→ What needs to be done
Go to the line holding "Balancing Your Kids" in the data below and repeat it exactly, then each line after it up to and including the one holding "R1_Whey Blend 4,7 кг - Chocolate Fudge". Omit pictures.

→ Material shown
# # # # # # #

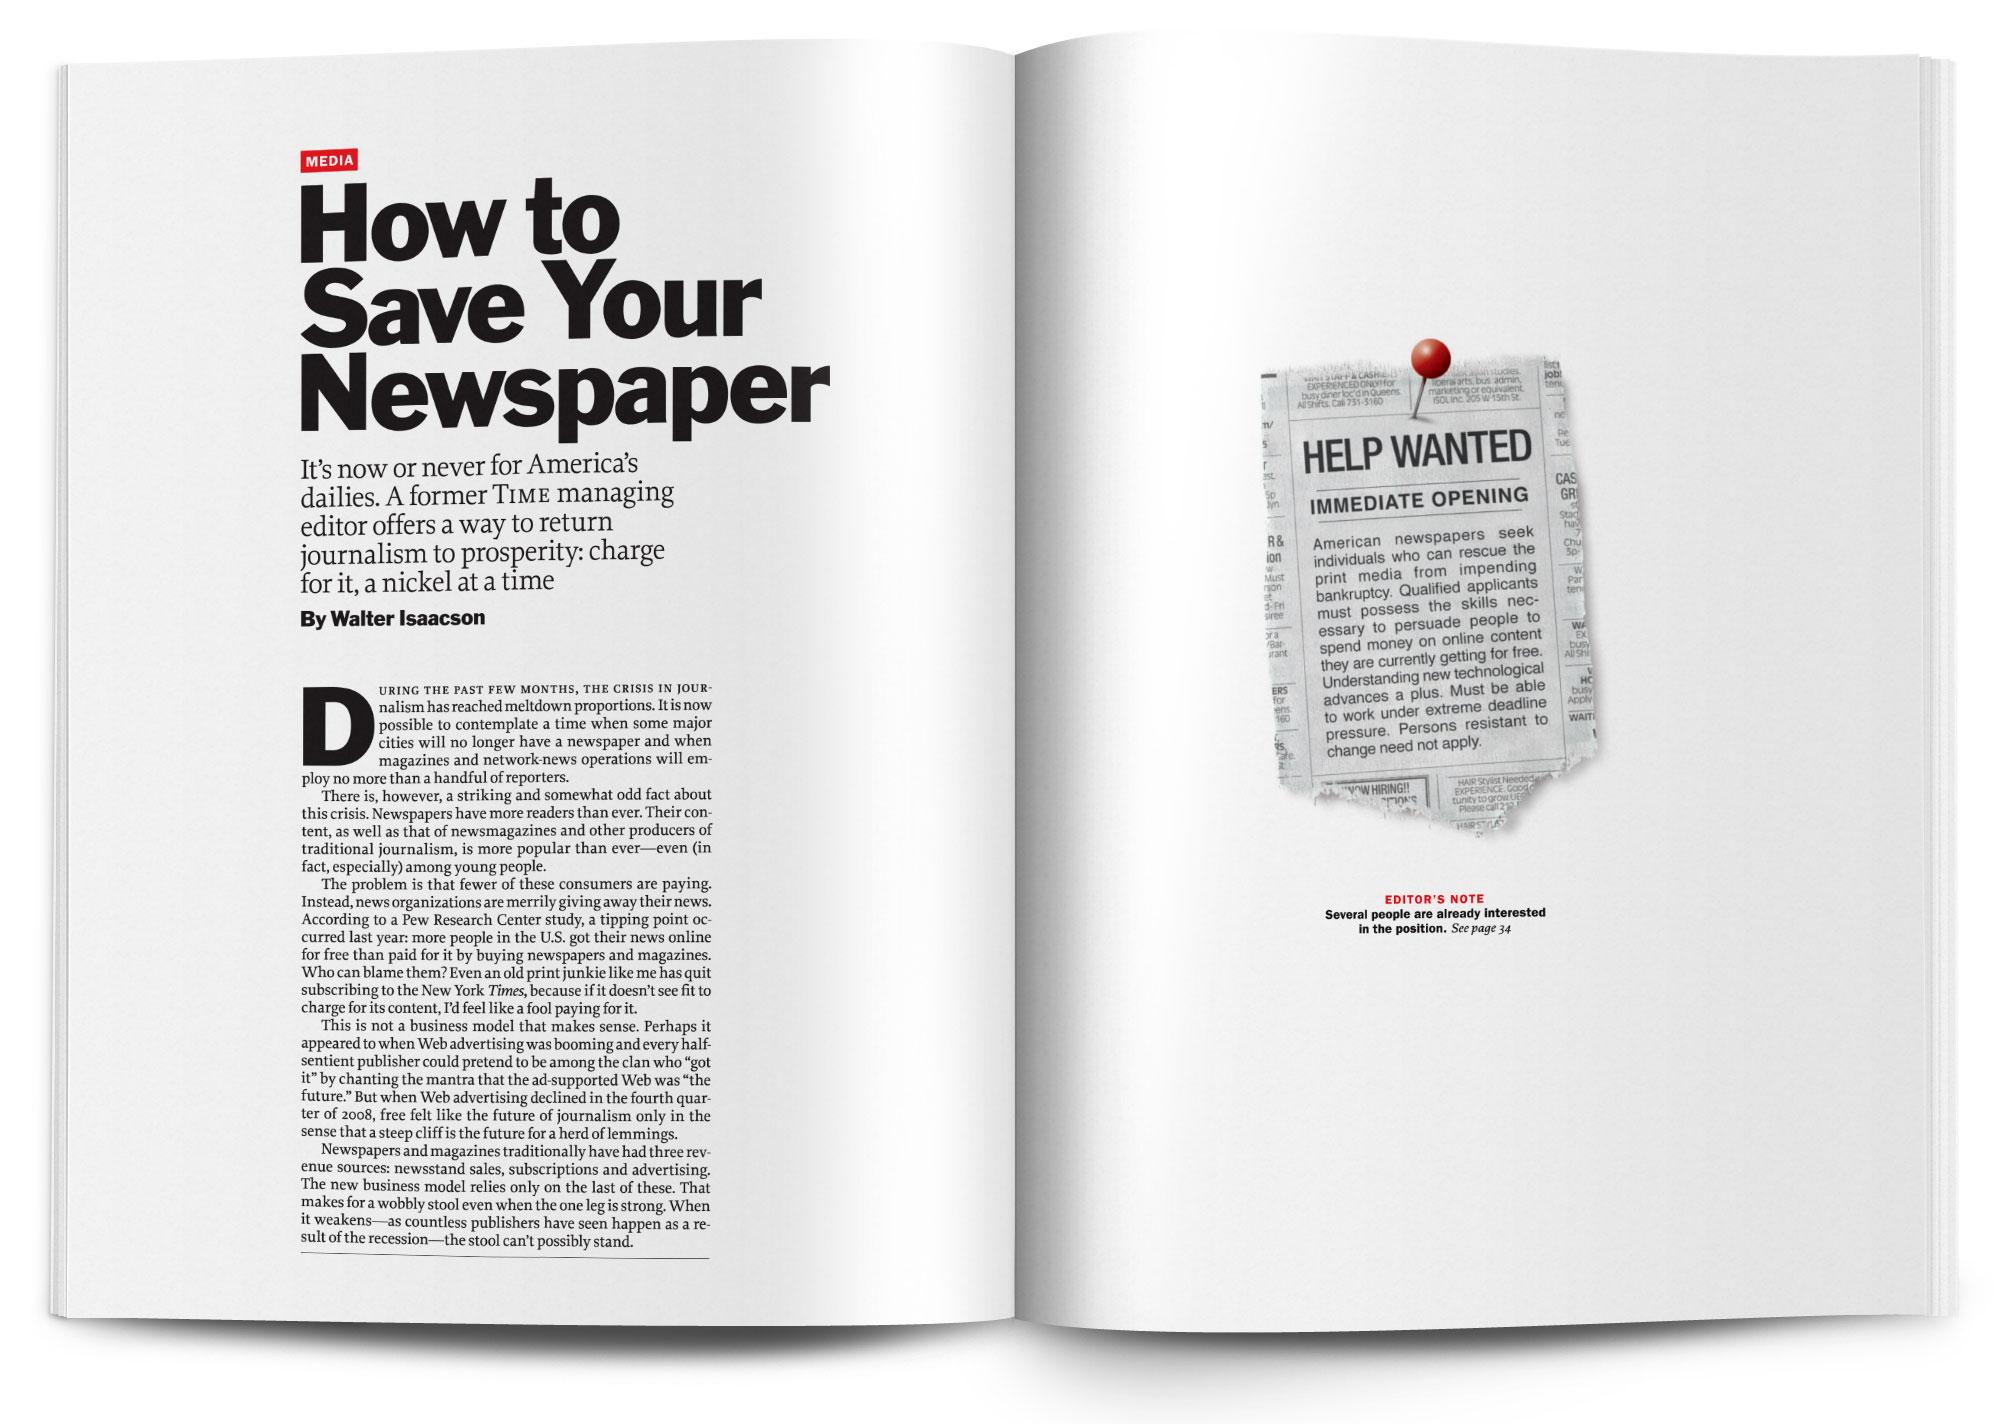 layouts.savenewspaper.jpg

# # # # # # #

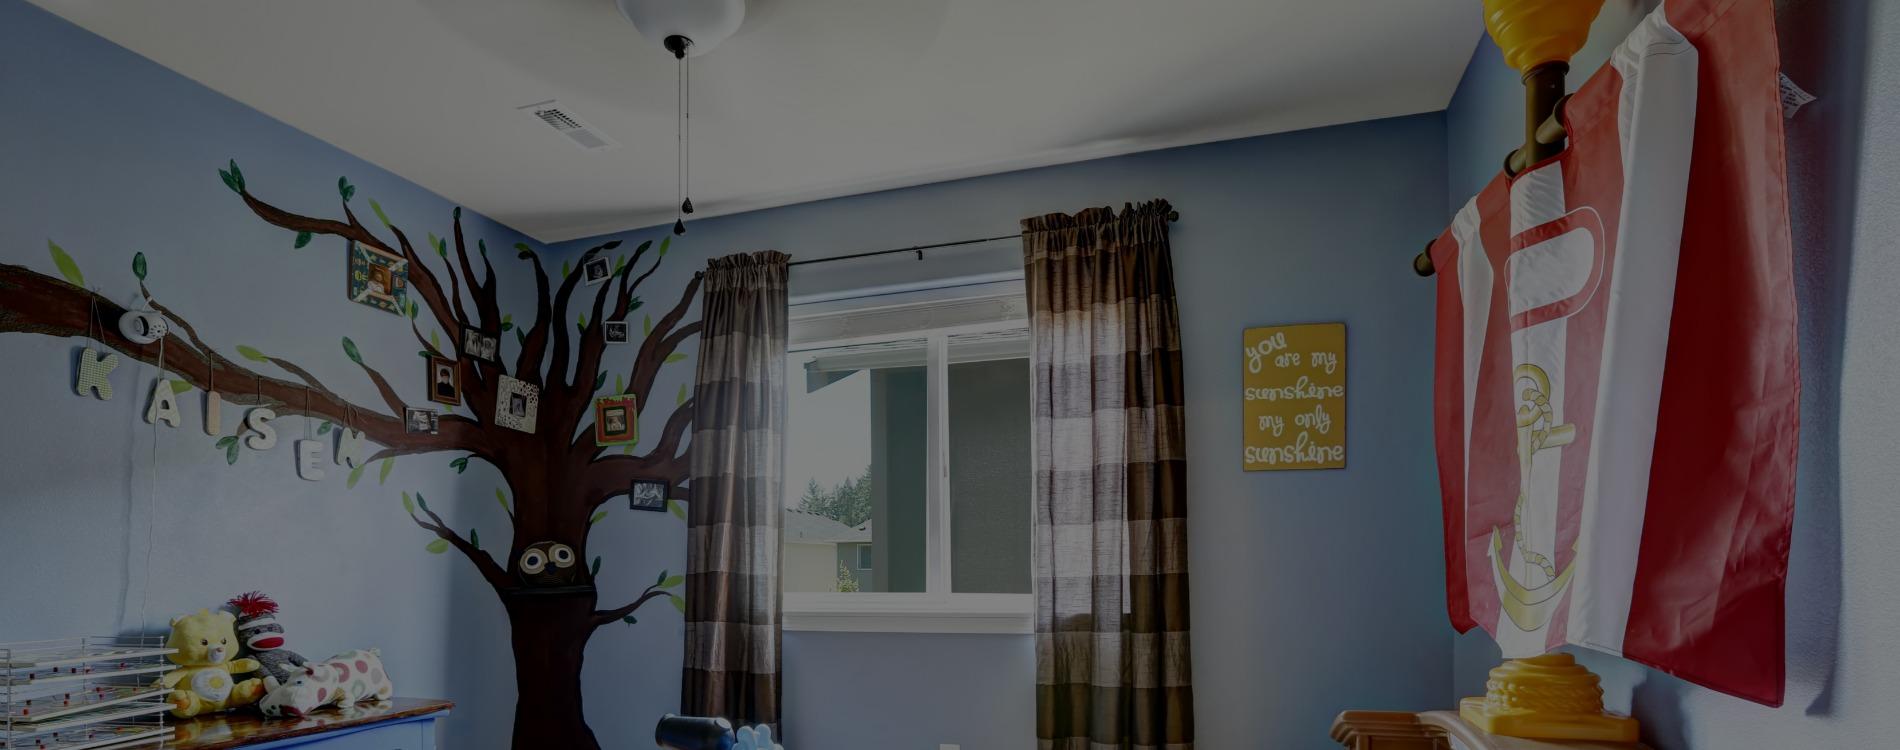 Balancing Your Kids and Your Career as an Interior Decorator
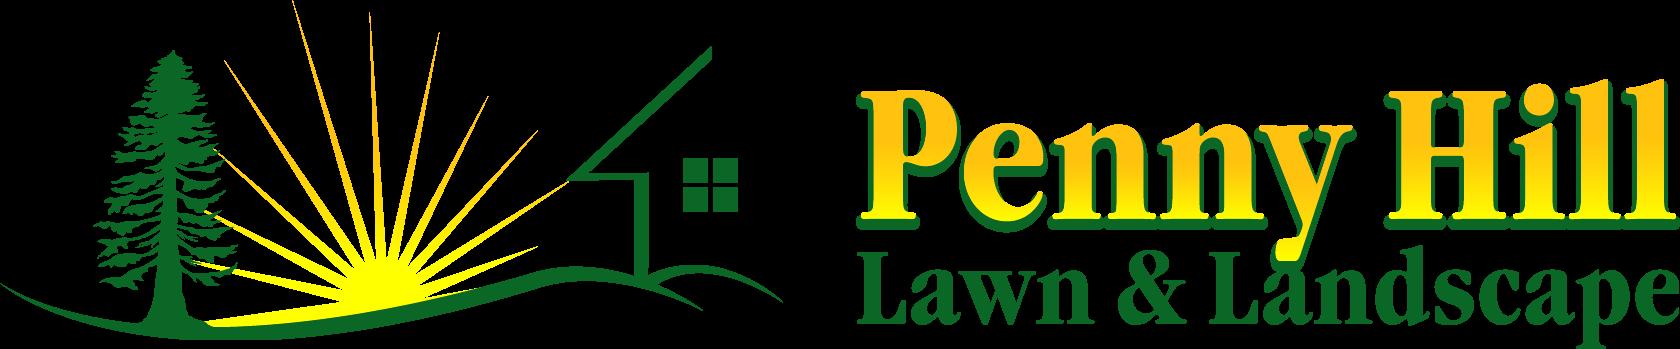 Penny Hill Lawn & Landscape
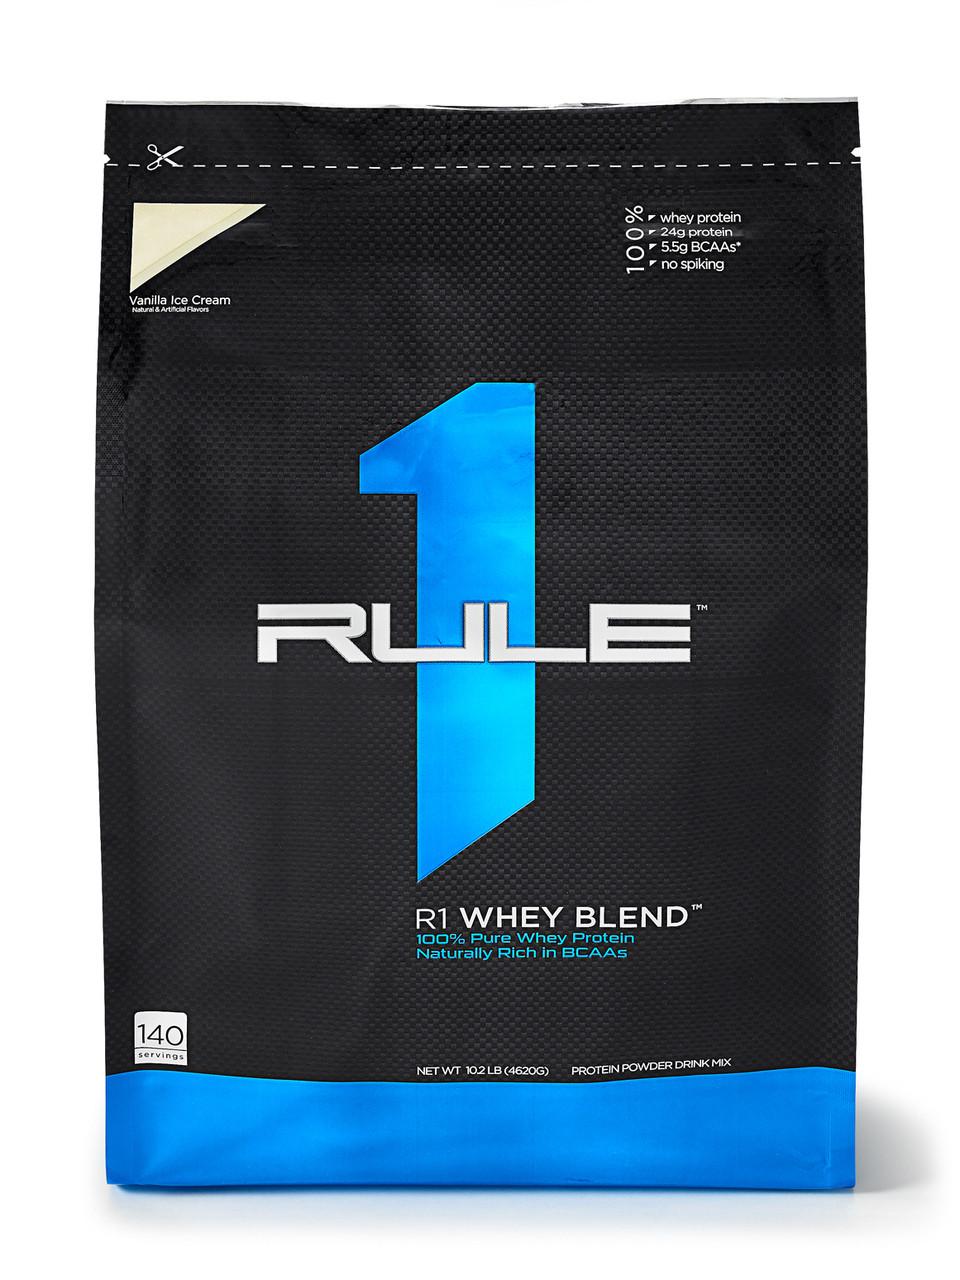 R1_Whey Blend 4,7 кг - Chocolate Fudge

# # # # # # #

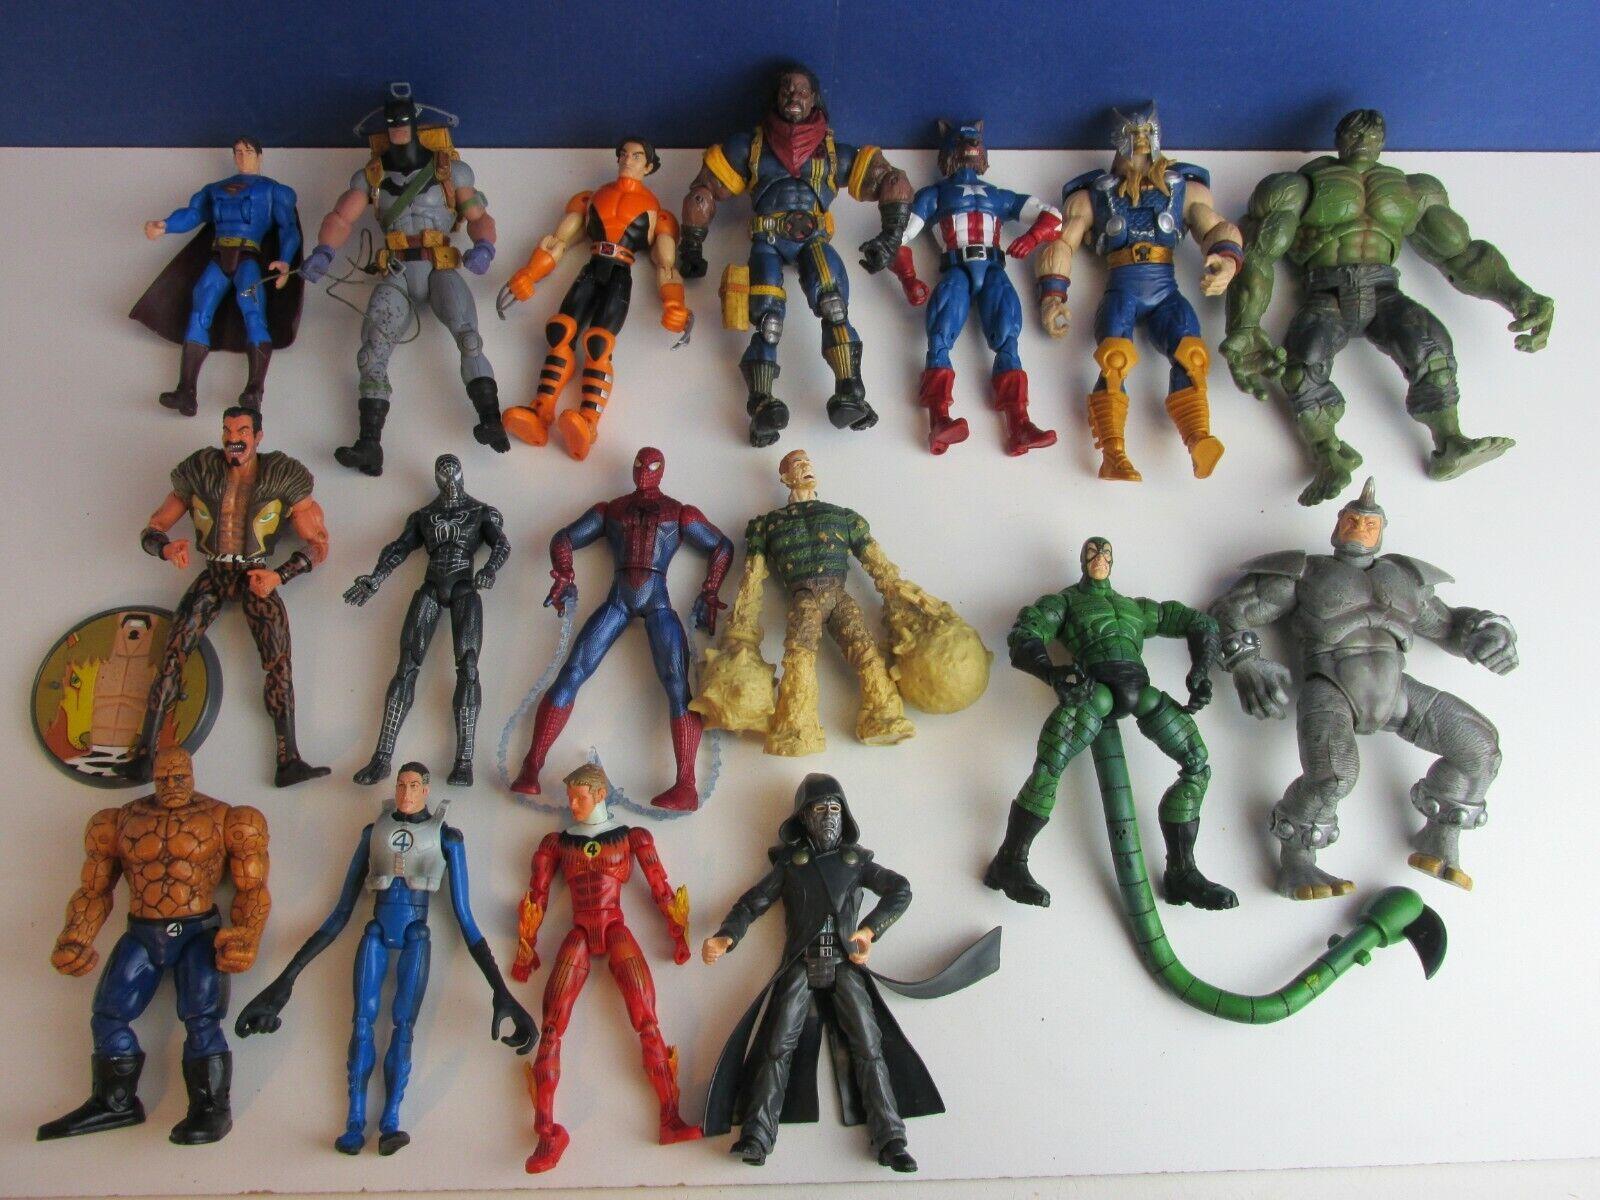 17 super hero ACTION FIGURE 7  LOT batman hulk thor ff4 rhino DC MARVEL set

# # # # # # #

→ Output of the exercise
 Balancing Your Kids and Your Career as an Interior Decorator
 Penny Hill Lawn & Landscape
 R1_Whey Blend 4,7 кг - Chocolate Fudge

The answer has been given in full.